Stacey Dooley – ‘I love my job but I don't love the intrusions into my personal life’

Stacey Dooley
Stacey Dooley (Image credit: David M. Benett/Dave Benett/Getty Images)

Former Strictly Come Dancing winner and documentary presenter Stacey Dooley says the worst things about her job and modern life are social media and the intrusions into her private life.

The 34-year-old Luton-born film-maker told The Telegraph that she hadn’t anticipated the interest in her personal life when she embarked on her career.

“I do love my job,” she said, “but I suppose what I hadn’t anticipated when I became a bit more public-facing was the intrusion into my personal life. I hadn’t realised there would be such an appetite for it. That, I don’t love. But my job itself is wicked.”

Stacey added she found the attention funny because she ‘is so boring’.

“There’s no part of me that’s remotely hedonistic. I don’t drink or do drugs. I am so strait-laced.”

Social media is without doubt the worst thing about modern life as ‘it can feel so divisive with everyone feeling angry all the time’.

Stacey was involved in a controversy in 2019 when she went to Uganda on behalf of Comic Relief and was accused by Labour MP David Lammy of being a ‘white saviour’ when she shared a photo of herself with a local boy on social media.

“People can be really unnecessary and unkind,” she told The Telegraph. “I do sometimes think, in 20 years’ time, where are we going to be? What is the world going to look like? Although I do fundamentally believe that there are more good people in the world than there are bad.”
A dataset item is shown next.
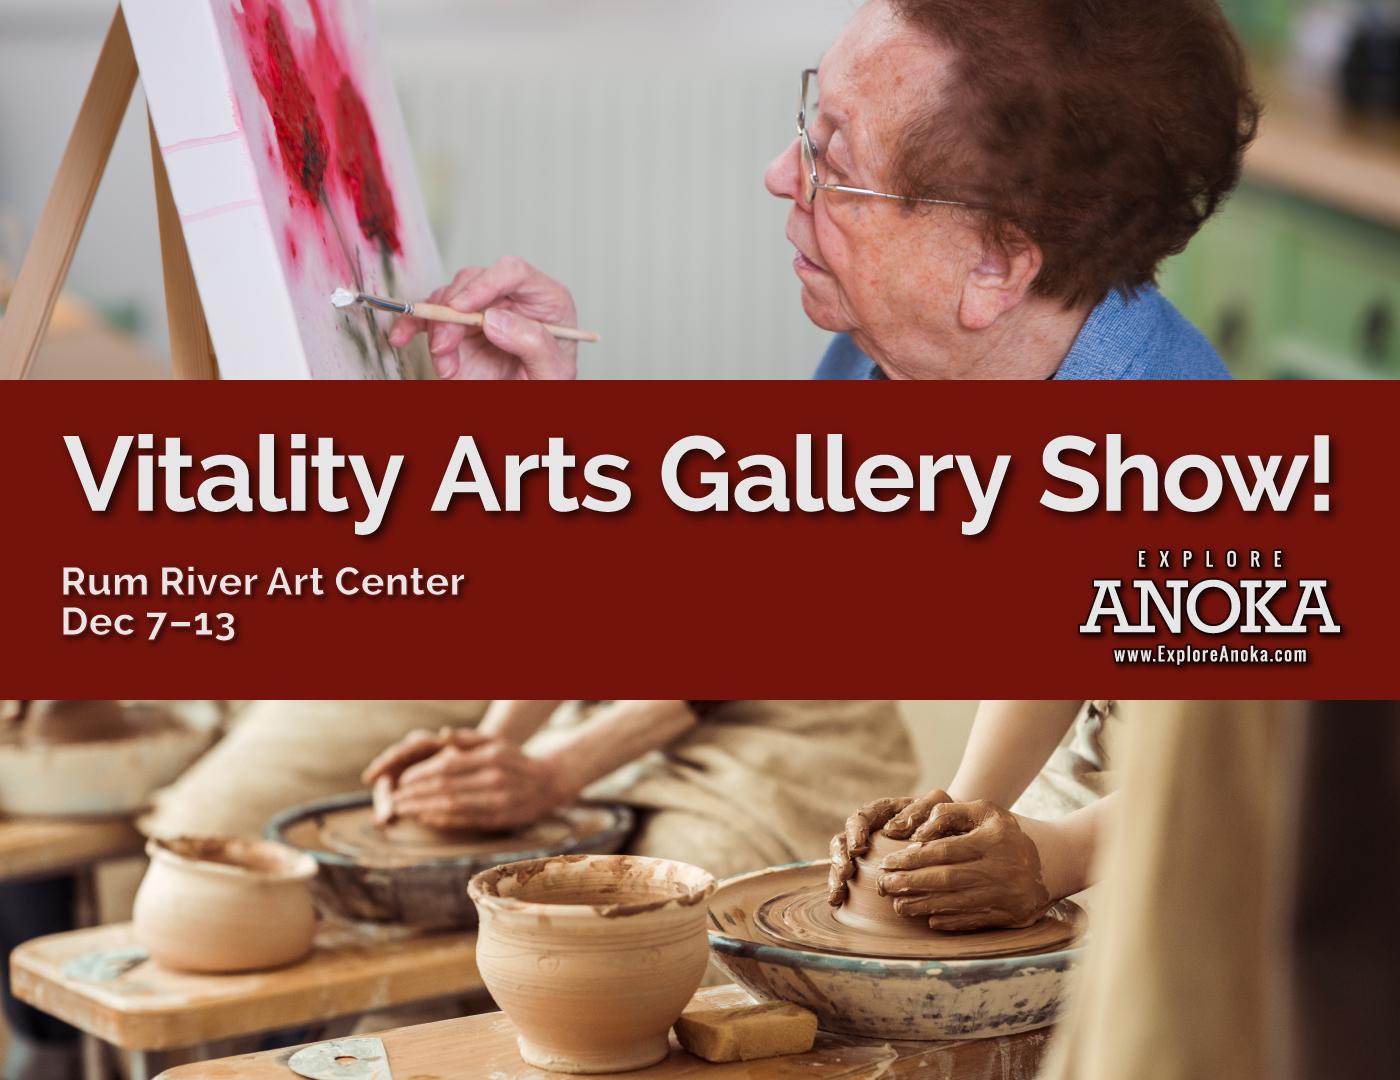 Vitality Arts Gallery Show - Rum River Art Center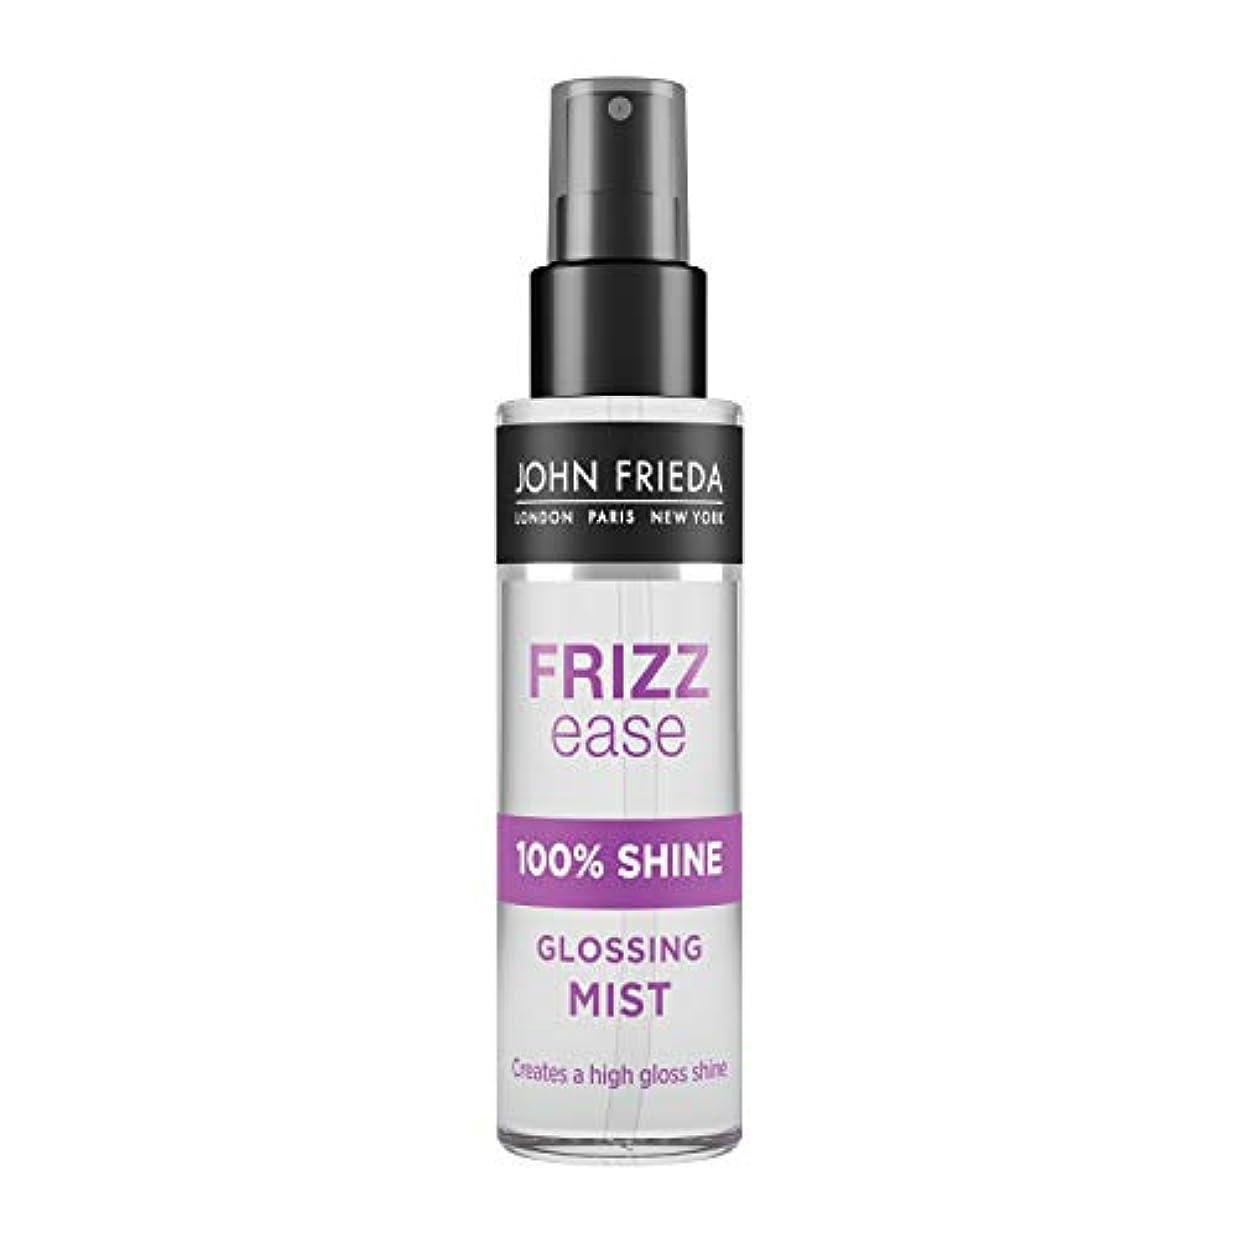 不承認信頼底John Frieda Frizz Ease 100% Shine Glossing Mist 75ml

She revealed her triumph in the Strictly final in 2018 was also the scene of one of her worst moments on TV.

“When I flashed my knickers – well, my leotard,” she said. “It was in the final and you’re so knackered by that point, you’re just trying to get through the routine. I pulled my skirt too high in the paso doble and showed off my leotard. That wasn’t ideal.”

Post Strictly, Stacey has returned to her first career as a documentarian, interspersed with hosting duties on the likes of BBC Three series Glow Up and is proud of her work. But you won’t catch her watching repeats of her early programmes.

“I can’t even watch the programmes I made in the first five years. It was just me bumbling around. Whatever you do for a living you evolve and I’m much happier with where I’m at now.”